Another dream which at least started in my days in the IT department of H.M. Treasury. It had been a trying day, details of which are now lost, and I was pleased to get on a train home. An old-fashioned train, once normal in London, with most of the seats arranged in blocks of six (or was it eight), two short rows around an outward-opening slam-door at the window end. One block on each side of the central corridor.
Reasonably busy, but by the time that I can remember, having been engrossed for some time in the newspaper, I just had a chap across from me and a lady across the corridor. Both in their thirties (or so), both friendly. The chap, with whom I thought I had chatted before, got out a cigarette and lit it. Then he seemed to remember where he was and quickly dropped it down the middle of his shirt, without appearing to stub it out, without comment, without pause in the chat.
At this point I realised we had gone past Clapham Junction, where I was supposed to be getting out, and was out in the country somewhere. They commiserated. We stopped at a station and I clambered out with my various packages, almost failing to get across the two or three feet gap which appeared between the carriage and the platform. I make it, but only by pushing a small guard down onto the tracks on my way. He doesn't complain, just slopes off somewhere.
A rather old-fashioned station, but one without signs saying where it was.
I acquire my bicycle from somewhere and lock it to the railings of a small stand in the middle of the small, open-air concourse area, maybe 30 feet square.
I emerge into a quaint market town. All antique yellow stone and market stalls. Stalls selling the sort of stuff they mostly sell in the farmers' market at Epsom, that is to say bread, cheese, olives, cakes and other baked goods, these last both sweet and savoury. Not a farmer in sight. I associate now to Chippenham, where I once bought a fine chunk of Double Gloucester from a caravan in such a market and where I subsequently fell for a new raincoat from one of those provincial gents. outfitters you still get in such places. Coat now retired. I think the label said 'Wellington'.
Back in the dream, I try to get orientated and work out where I am, but fail. For some reason, I don't like to ask. Eventually I find my way back to the bicycle stand, and my bicycle is no longer there. Still in the dream I get muddled up. Had I thought to lock it all? Was I going to go to the bother of making an insurance claim? Was I covered? Did I have my bicycle with me at all, as I didn't remember getting it off the train?
Then I start to worry about whether they are going to charge me for the journey from Clapham Junction, given that I had left the station.
Confused, I make my way back into the station and find myself in a rather odd ticket hall, involving more antique yellow stone. Fail to find my way back to the platforms, but I do find my way into a labyrinthine country hotel, with lots of bars, restaurants, tea rooms, reading lounges and so forth.

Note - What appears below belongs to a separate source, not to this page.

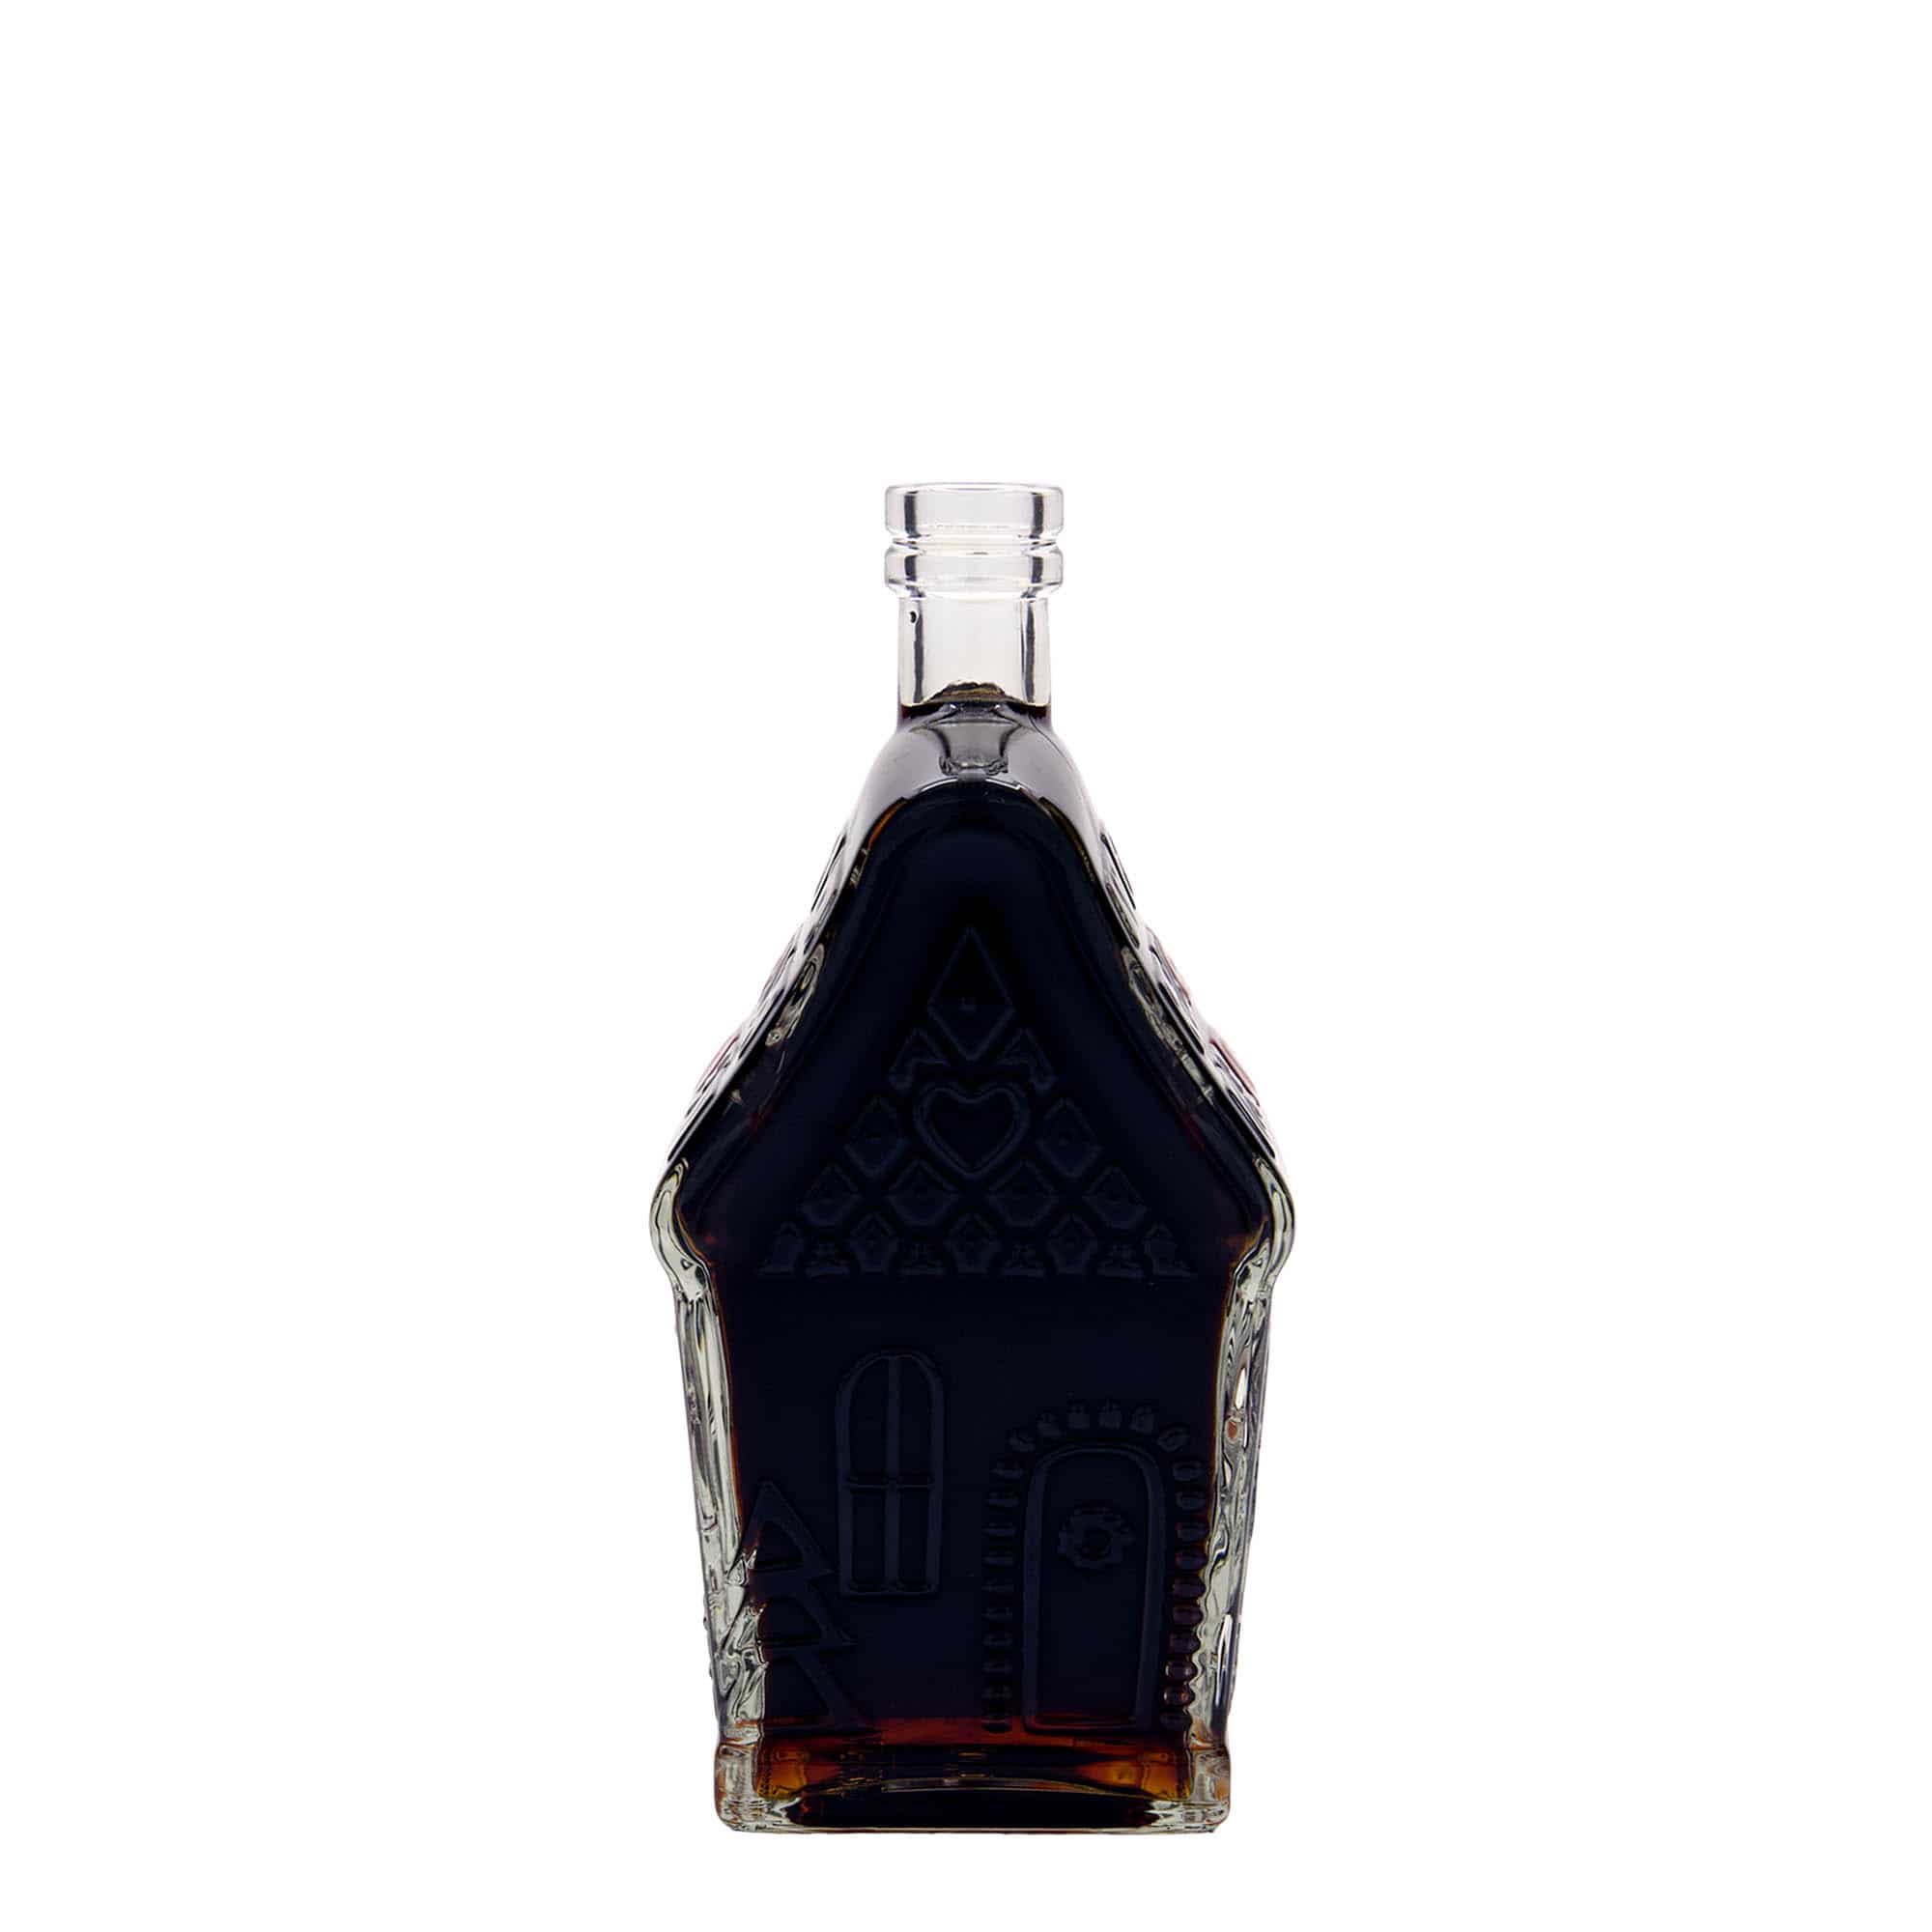 500 ml glass bottle 'Gingerbread House', rectangular, closure: cork

I emerge through some French windows in a further attempt to get back to the platforms, to find myself in an avenue in a wooded park. All very green, very dark. Views of various rather precious looking housing estates tucked into clearings. Fake red brick cottages, probably very expensive. Once again I try to get orientated and see the tower of some town building, neither church nor castle, over and beyond all the trees. Try to head for that, instead wind up in the middle of one of the precious looking housing estates. This one more antique yellow stone, very Cotswolds.
At which point I give up and wake up.
PS: the snap above was my first sight when I opened up Edge, illustrating a bit of Microsoft News, culled from the Daily Mail. An ancient, derelict theatre which had been converted into a cannabis factory. Well, not quite, but I did associate to the ancient, derelict theatre in Ryde (on the Isle of Wight) which seemed, all things considered, very apt for such an operation. The theatre illustrated used to be in Deptford, now demolished, with the factory in its large basement , still there but just covered over with shops in the 1960's.